400,000 new smart meters per year are projected to be installed across Europe

  • Consumers’ demand for greater control over their energy usage as well as access to time-of-use pricing and other services, which will drive the implementation of smart meters

In the United States, private sector deployment and government funding for smart grids is ongoing. In Europe, the smart grid roll-out is set to occur between 2014 and 2020 in order to meet the 20-20-20 Renewable Energy Directive. It is expected to deliver greater efficiency, reliability, automation, quality of supply and flexibility to adapt to supply and demand fluctuations.

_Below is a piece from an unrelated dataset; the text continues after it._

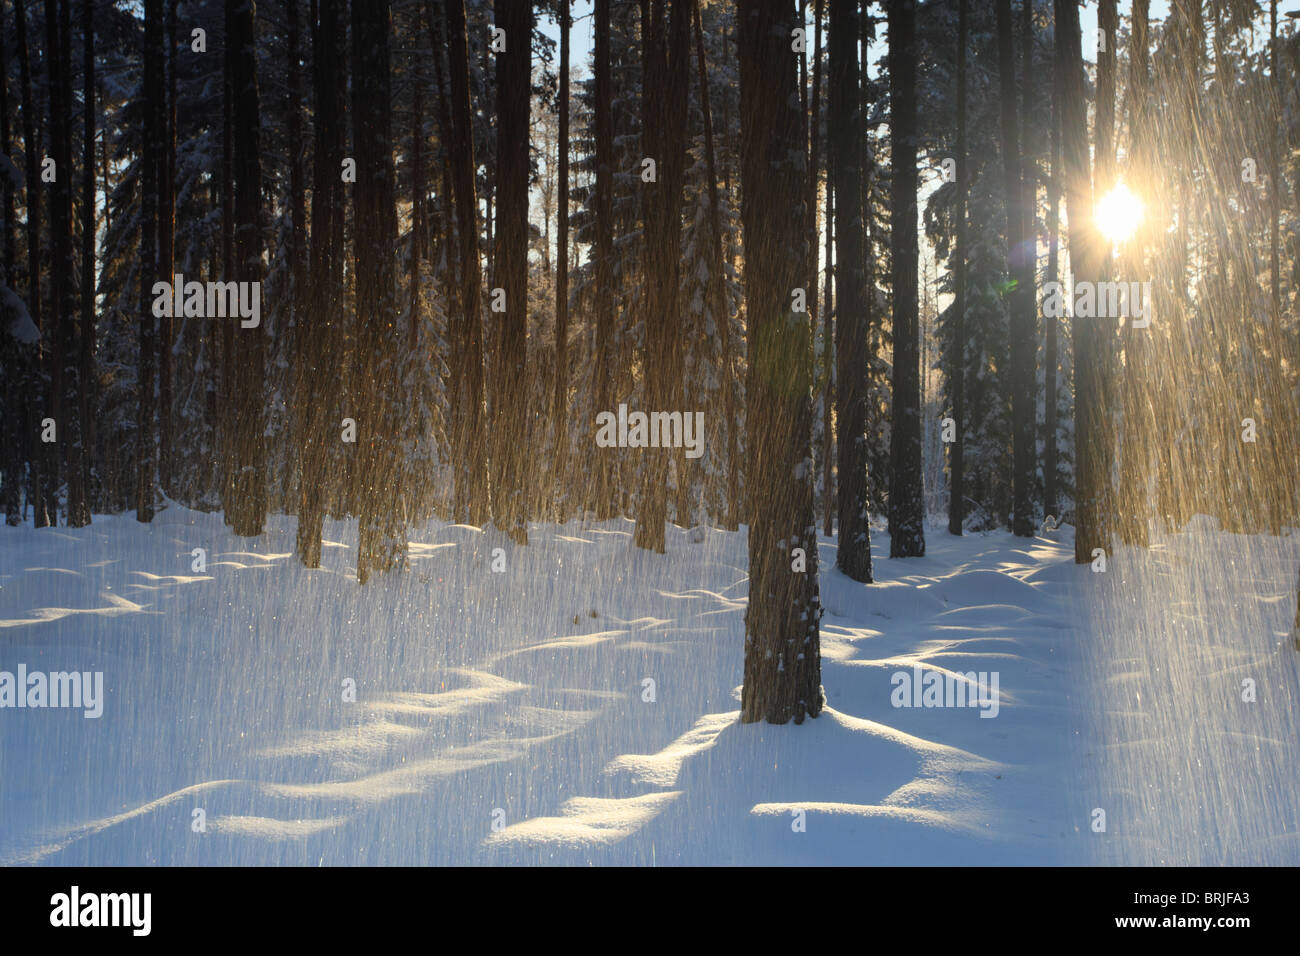 It's raining snow and beams of light falling through a forest onto snow covered ground. Stock Photo

This new system will require pervasive reach and broadband networks that can meet strict latency, security and reliability constraints. A range of advanced communication solutions are being developed and deployed using technologies such as satellite, wireless, wireline and power line communication. To select the optimal solution, a number of factors need to be considered, including: service cost-effectiveness, security and confidentiality, network architecture, performance objectives and practical deployment issues.

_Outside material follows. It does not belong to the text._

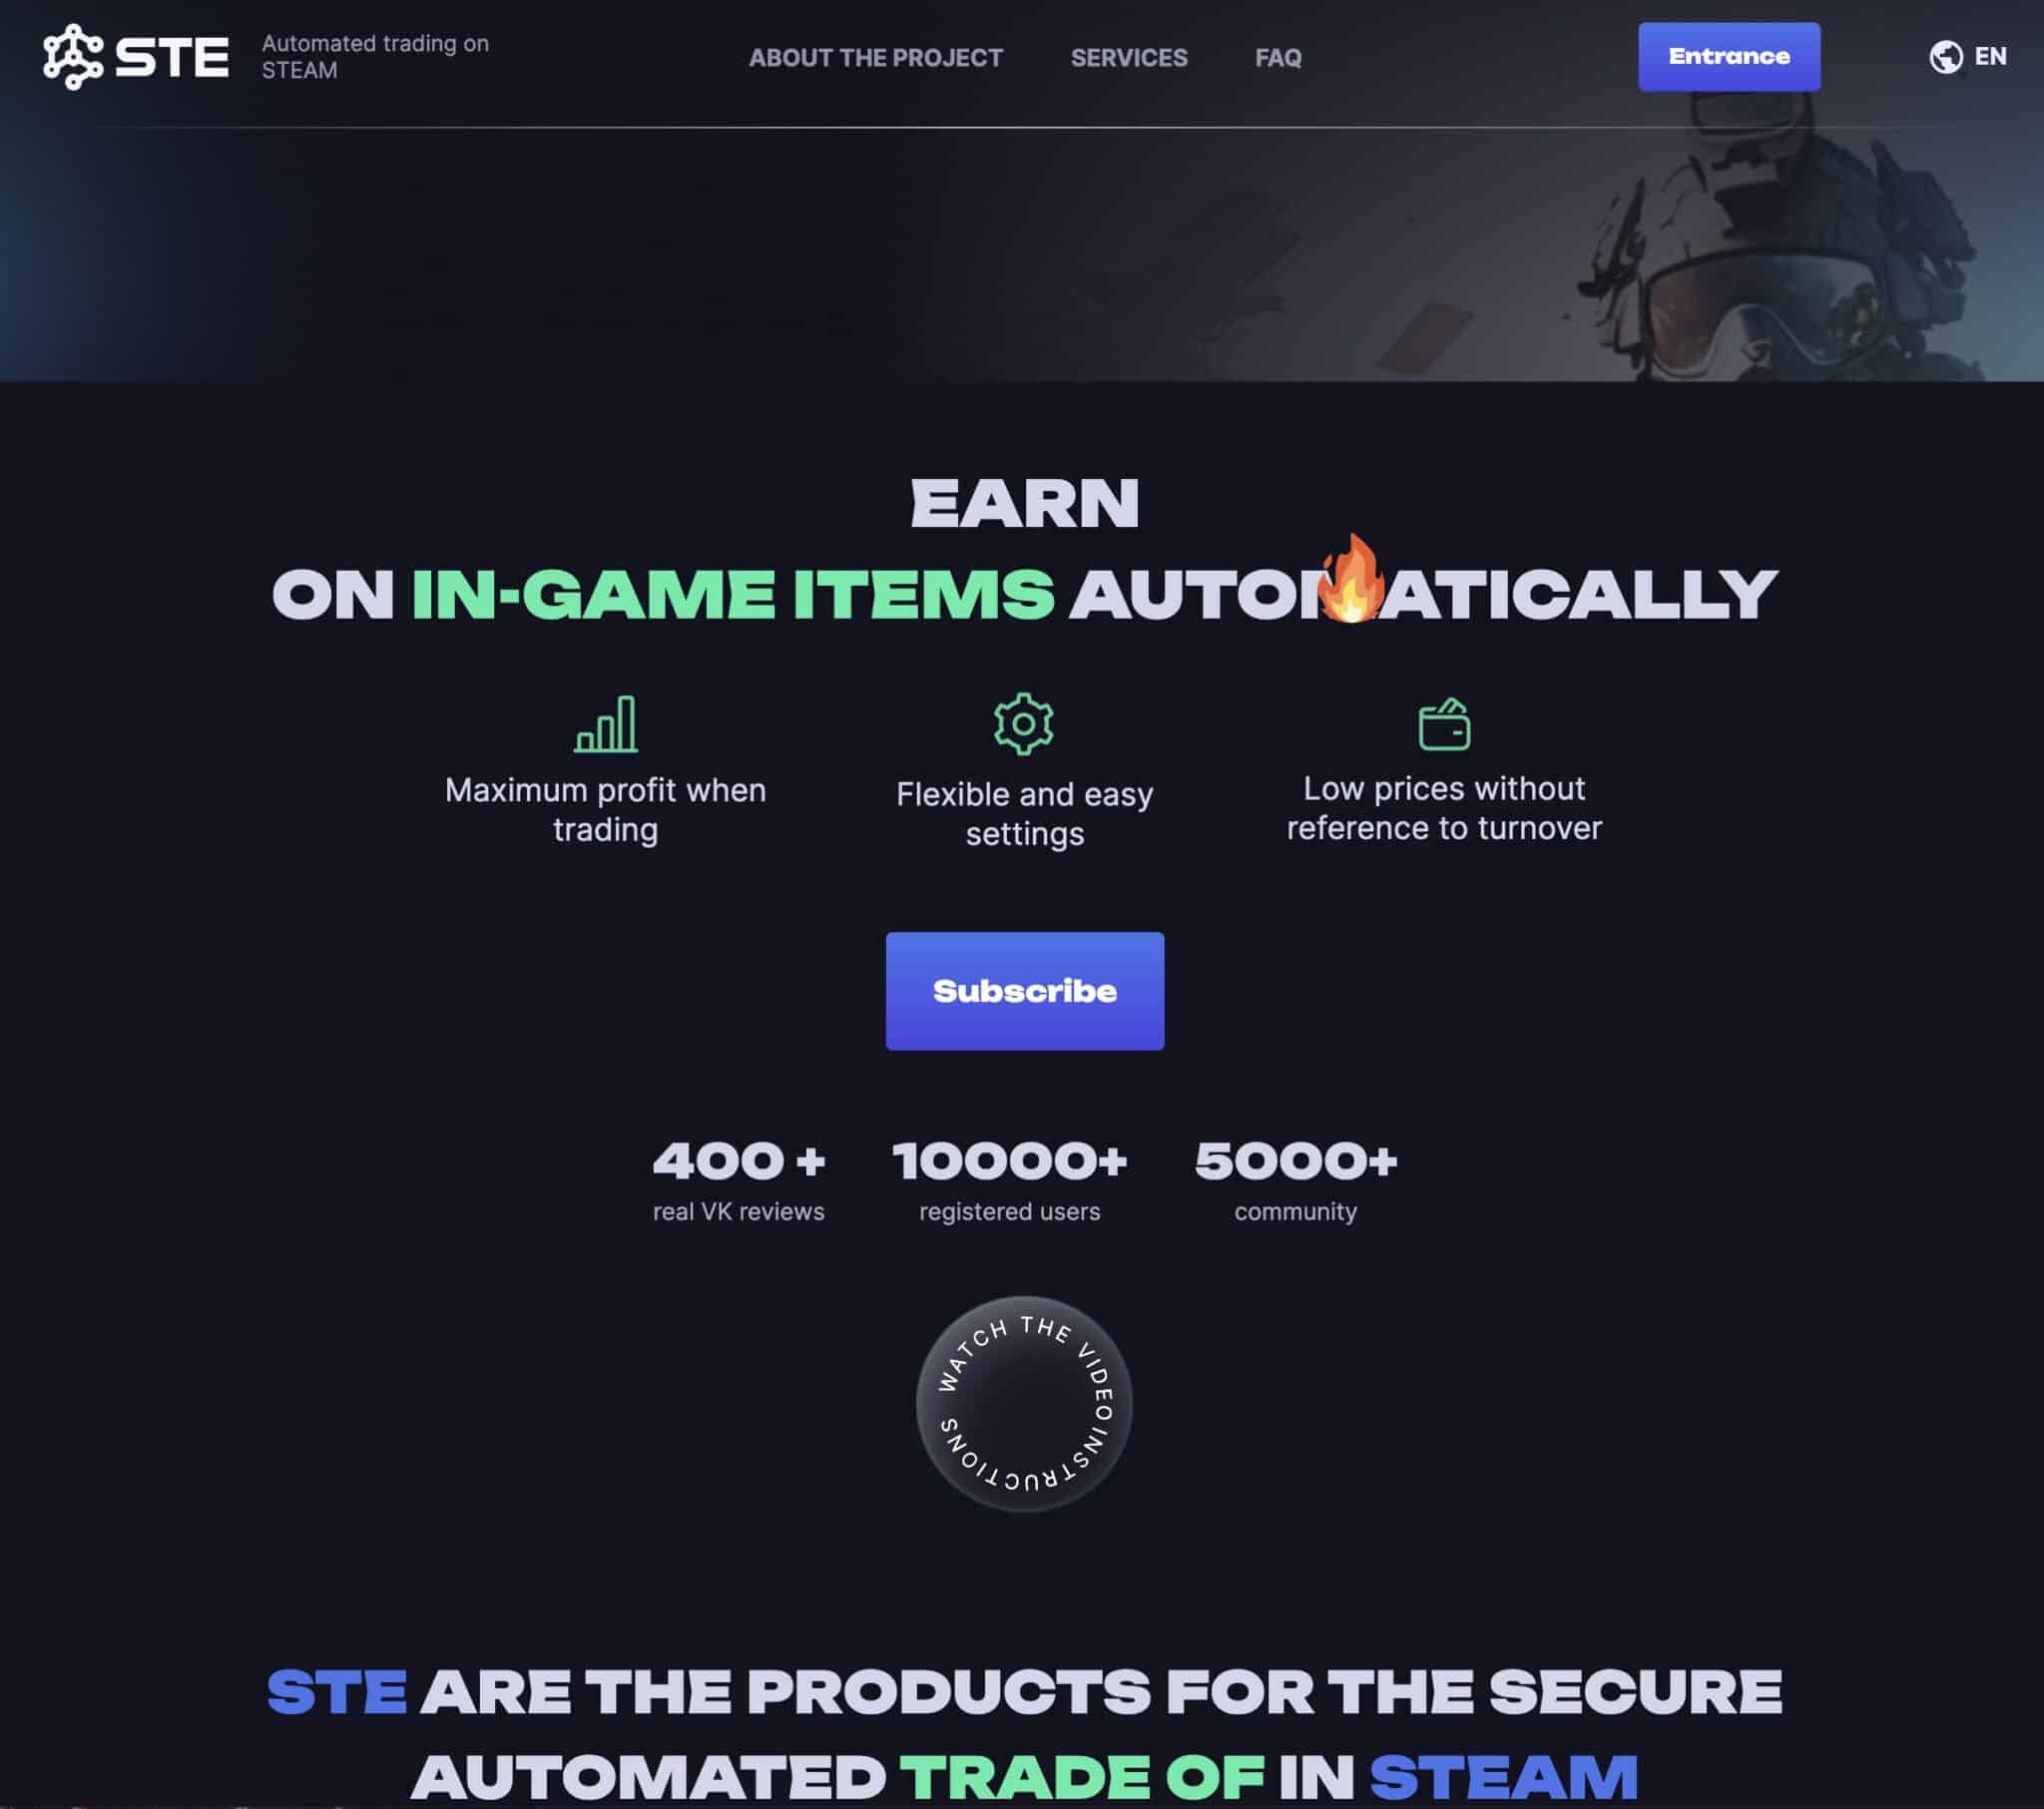 Parsing Games on the Steam Marketplace: How to Find Profitable Items

As the smart grid develops, communication access solutions for electricity consumers and producers will evolve, moving through the following five steps in a non-serial manner:

  • Automatic meter reading (AMR)
  • Automatic meter management (AMM/AMI), or smart metering
  • Remote centralised control (DR)
  • Distribution automation (DA)
  • Full smart grid (AMM/AMI + DR + DA + distributed generation + microgrid)

Many European governments and regulators are prioritising smart metering as a service delivery model. Data security and privacy are essential to the model’s success, and American, British and European organisations have already issued guidelines in these areas.
One of the keys to any smart metering project is the development of a wide area network (WAN) capable of efficiently interfacing with millions of customers in various geographic and network architecture contexts. Possible approaches including deploying a dedicated network, using an existing public/private network, or leveraging a combination of the two. In deciding which strategy to adopt, at least two major considerations need to be taken into account: first, the extent to which the public/private or dedicated network can meet WAN requirements; and second, which strategy will comply with regulatory and other government requirements.

Efficient interfacing is also important when providing communications access from a single entity to multiple entities. Regardless of the methodology chosen, each function (such as consumption measurement, data management and grid control) must transfer information and control data to one or more other functions. Where separate entities are involved, standard interfaces are required to ensure interconnectivity and interoperability. Given the probability of different countries adopting different models, international standardization of the various interfaces involved is key.
Another requirement for smart meters and the smart grid is spectrum access. As utility companies roll out the new system, public mobile and fixed networks’ demand for spectrum will rise. Many utilities are concerned that the additional spectrum required may be difficult or costly to acquire. To solve this problem, some utility trade associations are lobbying regulators for a smart grid spectrum allocation to improve co-ordination and reduce the cost of equipment and products.

Source: Working Group WGD2.29 “Communication Access to Electrical Energy Consumers and Producers”, led by CIGRE Study Committee D2 ‘Information Systems and Telecommunication’.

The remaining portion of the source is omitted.